Redaktion 21.02.2020

Forschung, die hilft

Schwerpunkt Krebs – Teil 3 Pharmaunternehmen geben Milliarden aus und stemmen drei Viertel der Krebsforschung.

••• Von Katrin Pfanner

WIEN. Krebs ist in Österreich die am stärksten beforschte Krankheit. Von 455 industriegesponserten Prüfungen im Jahr 2018 in Österreich entfielen 206 (45,3%) auf die Onkologie. Kontinuierliche Forschung in der Onkologie ermöglicht exaktere Diagnosemöglichkeiten und innovative Therapien, die Lebensdauer und Lebensqualität der Betroffenen steigern, sagt die Industrie.

„Die Krebsforschung in Österreich ist nicht zu unterschätzen, gleichzeitig gibt es hier noch sehr viel Luft nach oben. Je mehr Forschungsprojekte in Österreich realisiert werden, umso besser ist das für die Versorgung von Krebspatienten”, sagt Pharmig-Generalsekretär Alexander Herzog. Allein in den vergangenen 20 Jahren ist die Zahl der jährlichen Neuerkrankungen in Österreich von rund 36.500 auf 41.000 gewachsen. Neben immer besseren und exakteren Diagnose- und Behandlungsmöglichkeiten ist diese Entwicklung auch auf ein größeres Bevölkerungswachstum sowie eine gestiegene Lebenserwartung zurückzuführen. Derzeit sind der Medizin mehr als 250 Krebsarten bekannt. Die Erforschung und Behandlung jeder einzelnen von ihnen gilt als äußerst komplex.

72% der Forschungsausgaben

Laut einer aktuellen Studie des schwedischen Instituts für Gesundheitsökonomie IHE haben sich die Forschungsausgaben zur Bekämpfung von Krebs seit 2005 von 4,1 Mrd. € pro Jahr auf 11,8 Mrd. € beinahe verdreifacht.

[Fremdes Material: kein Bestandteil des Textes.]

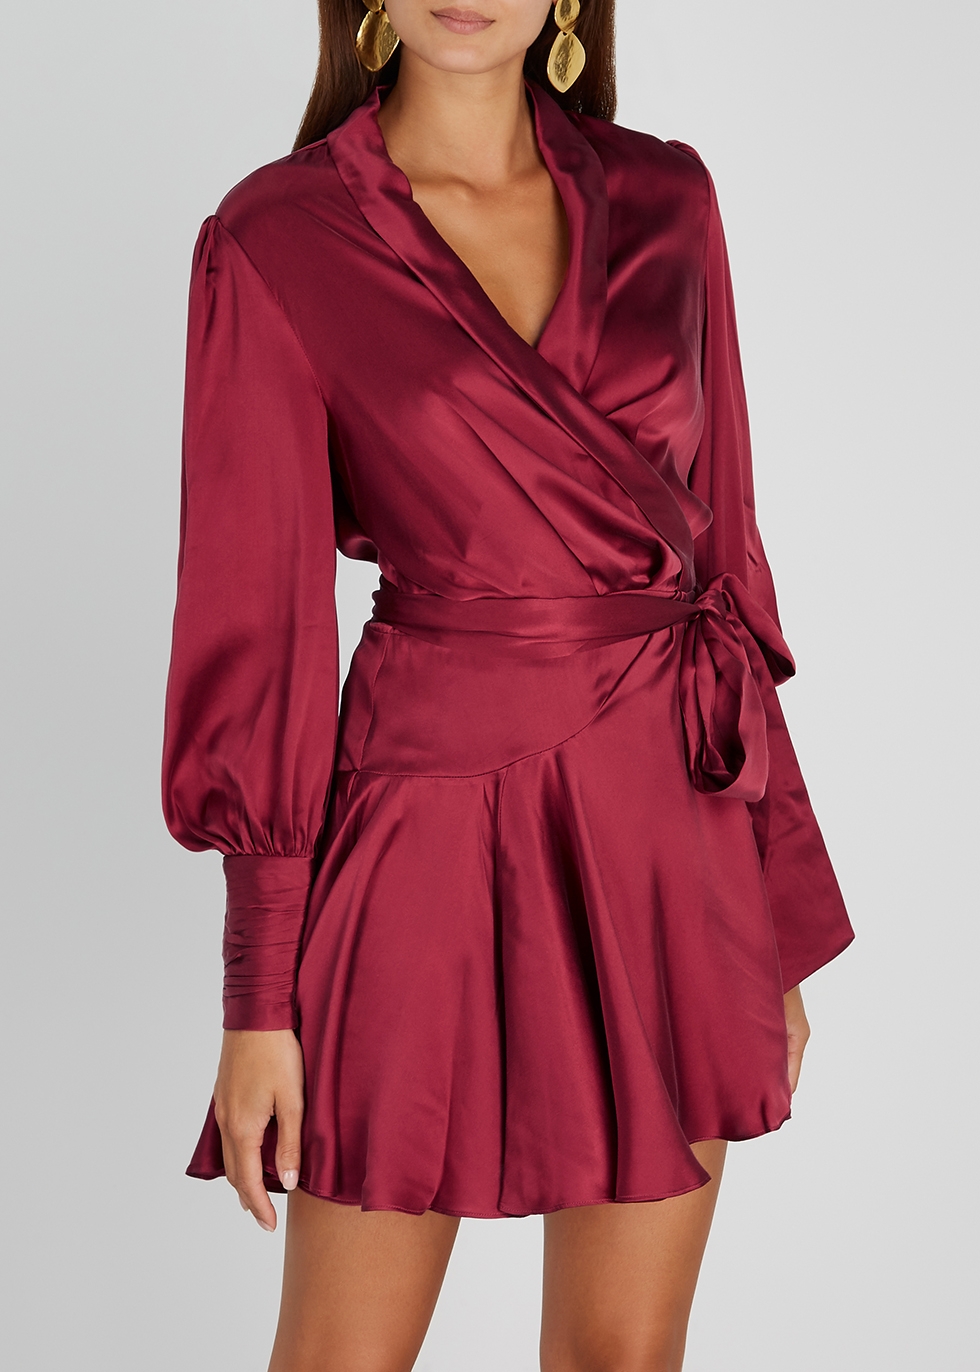 burgundy satin wrap dress

Während vor 15 Jahren Investitionen der forschenden Firmen noch beinahe gleichauf mit den öffentlichen Forschungsausgaben gelegen sind, zeigen neue Zahlen eine deutliche Verlagerung Richtung Pharmaindustrie. Die Unternehmen der Branche finanzieren mittlerweile 72% der Krebs-Forschung, rechnet der Fachverband der Chemischen Industrie Österreichs (FCIO) vor.